I once dated a woman I'll call Miriam. Three or four dates, if I recall. On the face of it the experience had little to recommend itself, except that this was when I started making intelligent decisions about relationships and, as I look back on it, where I first started learning about "projection."
In general, I have little patience for psychologists and psychiatrists. As individuals, I like them fine. I even saw one for a couple of years and it did me the world of good. However, as I said, in general I think that their theories and musings are no more informed than those of any person who has lived for a while. In a sense they're selling smoke. Once in a while, though, they come up with a new word that neatly expresses one of my experiences, and one of those words is "projection."
Miriam had a particularly sharp tongue. She spent a lot of time telling other people that their tastes and ideas were simply wrong. As an example, she once asked me what I thought of a film I had just seen. I told her that I liked it, but that I could see how other people might not. "That just shows how much you know about film," she snapped back. She had hated it, and anyone who didn't also hate it was obviously uninformed.
One of her favourite barbs was making reference to the "fragile male ego." Sometimes she would start to upbraid me about something and then stop herself. "I keep forgetting about the fragile male ego," she would sniff. At the time I wasn't sure what she was talking about. I was accustomed to abuse, and didn't mind it all that much. It's only lately that I have figured it out: she was projecting.
You see, it was she who had the fragile ego. She had to be best at everything. Her tastes and opinions had to be the most informed and the most correct. Nobody else could hold a contrary opinion or like different things unless they were uneducated or hopelessly stupid. When she saw other people appalled at her attitude, she looked inside her self to try to figure out why they would react that way and attributed it to the only comparable thing she could see in herself: her paper-thin ego.
Looking around at the claims of feminists, and even ordinary women, I see a lot of this sort of thing. Many of the bad qualities that feminists and women attribute to men are true of only a few men... but are true of many more women. The only difference in most cases is that these qualities either aren't acknowledged in women, or women simply haven't had the opportunity to exercise them so that they're noticed.
Take for example the now famous litany that men use what power they have (which feminists claim is considerable) mostly to their own benefit. If you take a clear-eyed look at history, at what men have done, you will see that the vast majority of what men has done has been for the betterment of all.

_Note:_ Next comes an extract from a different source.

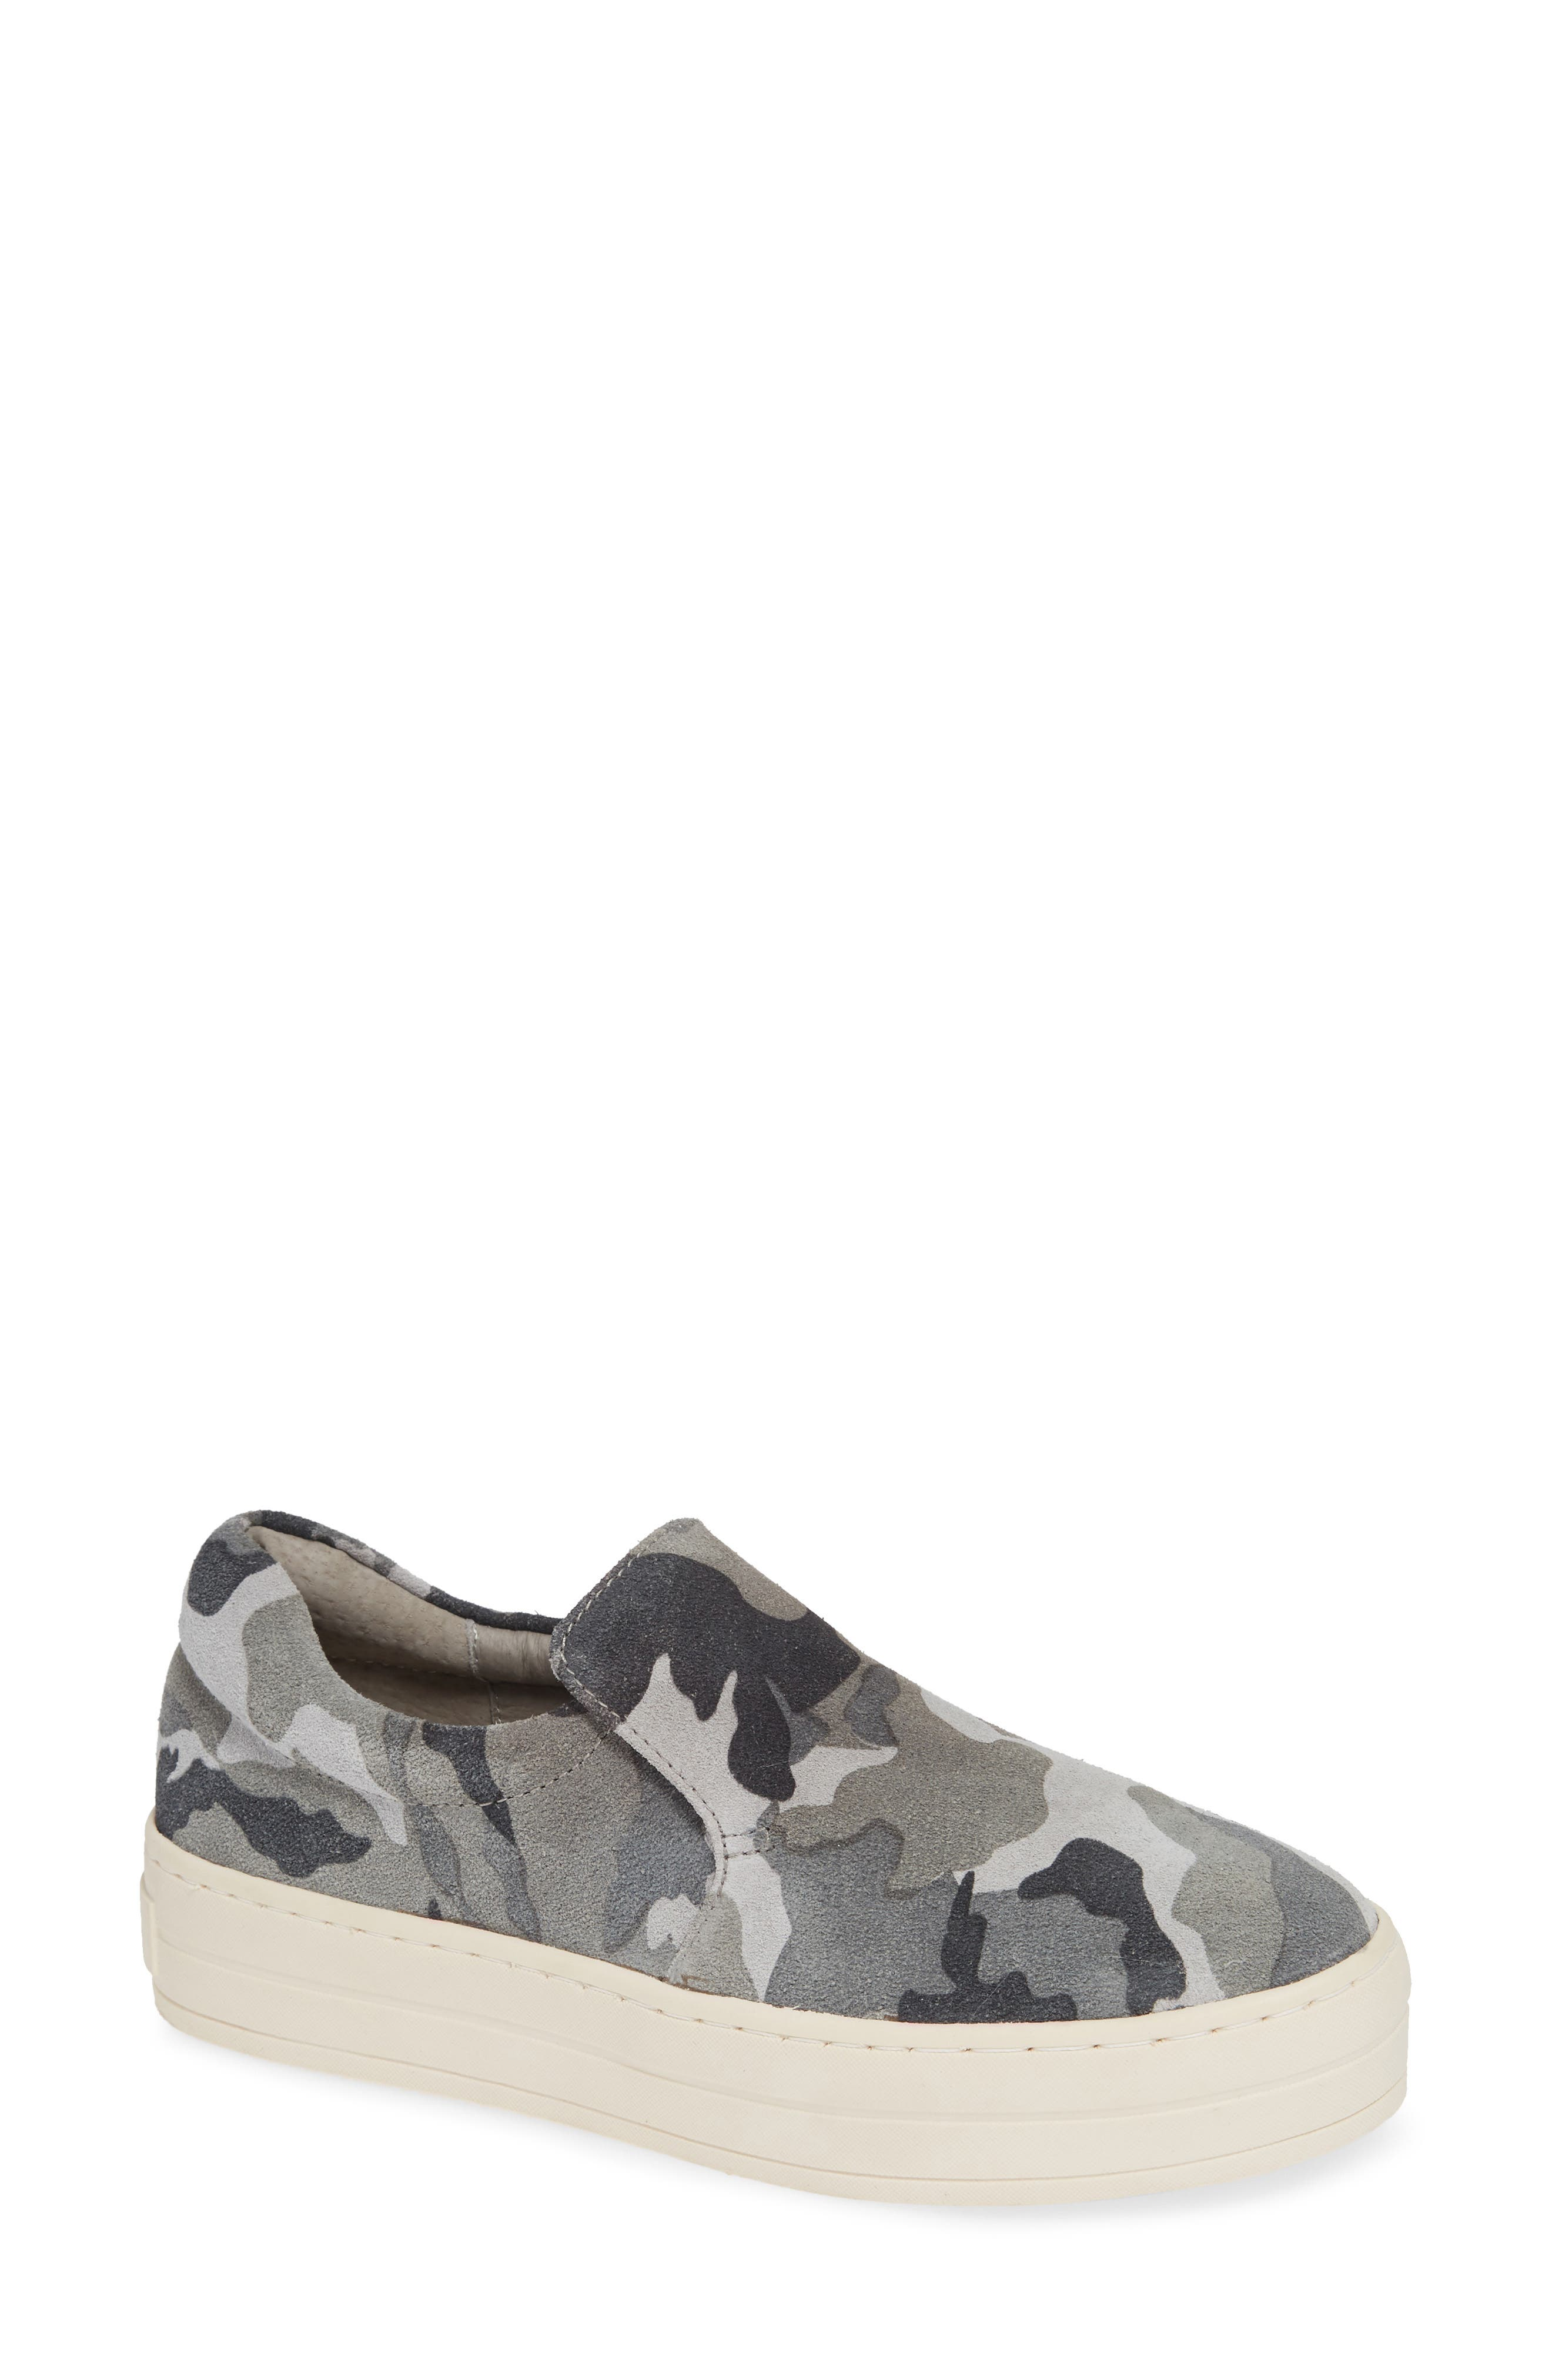 Harry Slip-On Sneaker in Grey Camo Suede

If you're accustomed to feminist thought, try this out for a mind-twister: men created almost every item of convenience, every medicine, and every political structure that exists today. This includes household appliances to make (traditional) women's work easier, drugs and procedures to make childbirth less painful and risky for women, and the political structures and processes that allowed feminism to exist and indeed flourish. Every law and government institution that benefits women was voted into existence by male legislators. Feminism has never been a great battle against an army of intransigent men. It has been a battle with the help of men, including the much-maligned "patriarchs."
Why, then, do feminists look back at history and paint men as brutish despots? They do it for the same reason that Miriam saw fragile egos everywhere. Feminists look inside themselves and ask, "What would I have done if I were in those men's positions?" and the only answer that comes back is "rule." It's not what the men were doing; the answer says more about the woman asking than the man she's asking about.
Indeed you can see this in practice rather easily. Where men assisted in drafting and passing laws mandating job equity, reducing the rights of accused rapists, etc., while modern feminists with any sort of power vigorously oppose measures that might give fathers more access to their children, or give equal treatment to battered men. Having gained power, feminists are terrified to lose it, and so they use it only for the benefit of other feminists. They then think to themselves, "This must be what it's like to be a man."
Even women who profess not to be feminists are busy projecting. I hear women everywhere—at work, on the bus, in the cafeteria—telling "stupid man" jokes, or discussing their husbands or lovers in extremely disparaging terms. Many women, it turns out, have very little respect for the men in their lives, even though they claim to "love" them. If you try to call them on their behaviour, however, they become coy and even slightly amused. After all, don't men do and say the same things about women? When I tell them that the only man I've heard talking that way about his wife in ten years is a friend of mine who just went though a nasty divorce, the ladies don't believe me. Again, they fill in the missing pieces in men's behaviour with their own disrespect, and end up with an image of a foul-mouthed lout. Projection.
In fact, if you look about at all of the objectionable, sometimes rotten things that feminism attributes to men, then look at the way today's women act, I think you'll find, as I have, that in almost all cases women's opinions are unfounded, unless they were talking about themselves. Men, upon closer inspection, aren't half as bad as women think they are. Women, upon closer inspection, are almost as bad as women think men are.
Oh, and as for Miriam, I would stay away from her if I were you. That was one of my intelligent decisions: I dumped her after the fourth date. After all, who wants to spend time with someone who can't face their own bad qualities, and instead attributes them all to you?